- Born: Douglas Maitland Gibson December 4, 1943 (age 82) Kilmarnock, Ayrshire, Scotland
- Education: University of St Andrews Yale University
- Occupations: editor, publisher, memoirist
- Known for: Douglas Gibson Books, Stories About Storytellers

= Douglas Gibson =

Canadian editor, publisher and writer

Douglas Maitland Gibson, C.M. (born December 4, 1943) is a Canadian editor, publisher and writer. Best known as the former president and publisher of McClelland and Stewart, he was particularly noted for his professional relationships with many of Canada's most prominent and famous writers.

Born in Kilmarnock, Ayrshire, Scotland and raised in the nearby village of Dunlop, Gibson attended the University of St. Andrews and Yale University before moving to Canada in 1967. He worked briefly for McMaster University before being hired as a junior editor at Doubleday Canada, where his first job was editing a biography of Stephen Leacock.

In 1974 he became editorial director of Macmillan of Canada, ascending to publisher of the company in 1979. During his time at Macmillan, Gibson sent first-time authors an instructional guide, "What Happens After My Book Is Published?", which was published by Saturday Night in 1979 and was nominated for a National Magazine Award for humor. With MacMillan, he was noted for successfully negotiating Mavis Gallant's first Canadian publishing deal; Gallant, a Canadian writer who had spent much of her life and career living in Paris, France as an expatriate, was not considered to be well known in the Canadian market and did not even have a Canadian publisher at all until Gibson approached her. He also spearheaded the creation and publication of Home Truths, a compilation of Gallant's Canadian-themed stories which was her only title ever to win the Governor General's Award for English-language fiction. Robertson Davies, Bruce Hutchison, Jack Hodgins, Alice Munro and Morley Callaghan were also among the writers who established relationships with Gibson in this era.

In the early 1980s, he also contributed film reviews to CBC Radio's Sunday Morning. Throughout his career, he has also been a contributor to The Globe and Mail, the National Post, Books in Canada, Toronto Life and Maclean's.

He moved to McClelland and Stewart in 1986, becoming publisher of the company in 1988 and president in 2000. With M&S, he also managed his own imprint, Douglas Gibson Books. Numerous authors, including Munro, Davies, Hodgins, Gallant, Hugh MacLennan, Donald Jack, Guy Vanderhaeghe and W.O. Mitchell, followed him from Macmillan to M&S in order to continue working with him. Munro returned the advance the company had already paid her for The Progress of Love, and had to enter several months of legal negotiations to get released from her contract, although The Progress of Love ultimately became the first title published by Douglas Gibson Books. The departures greatly damaged Macmillan, which published only a small and irregular selection of fiction titles after Gibson's departure.

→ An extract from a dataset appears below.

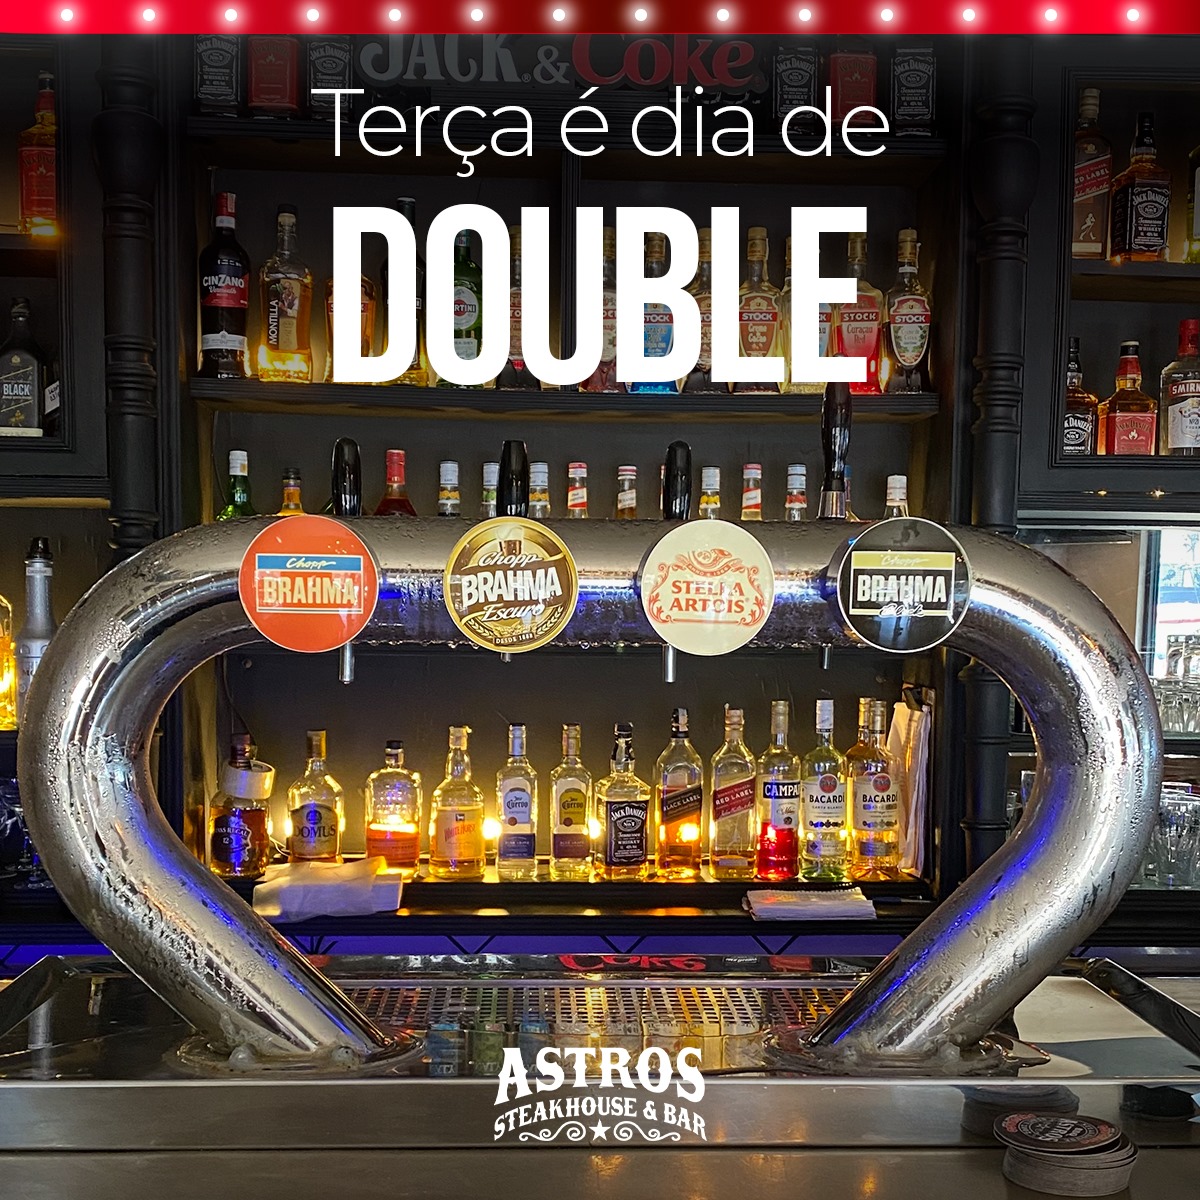 Astros Steakhouse & Bar slide 2

Gibson was awarded the Canadian Booksellers' Association President's Award in 1991. In 2017 he was awarded membership in the Order of Canada.

Following his retirement in 2008, Gibson published a memoir, Stories About Storytellers: Publishing Alice Munro, Robertson Davies, Alistair MacLeod, Pierre Trudeau, and Others, in 2011. Munro wrote the book's introduction. He also made frequent public appearances and statements on behalf of Munro, whose declining health prevented her from making many public engagements.

==Douglas Gibson Books==

Gibson retired from his primary role with M&S, but he continued to hold the role of publisher emeritus with Douglas Gibson Books.

Works published by Douglas Gibson Books have included short story collections by Alice Munro and Mavis Gallant, Terry Fallis' novels The Best Laid Plans and The High Road, Paul Wells' Right Side Up: The Fall of Paul Martin and the Rise of Stephen Harper's New Conservatism, Yves Beauchemin's A Very Bold Leap and The Years of Fire, James Bartleman's memoir Raisin Wine: A Boyhood in a Different Muskoka, and Max Nemni and Monique Nemni's series of biographies of Pierre Trudeau.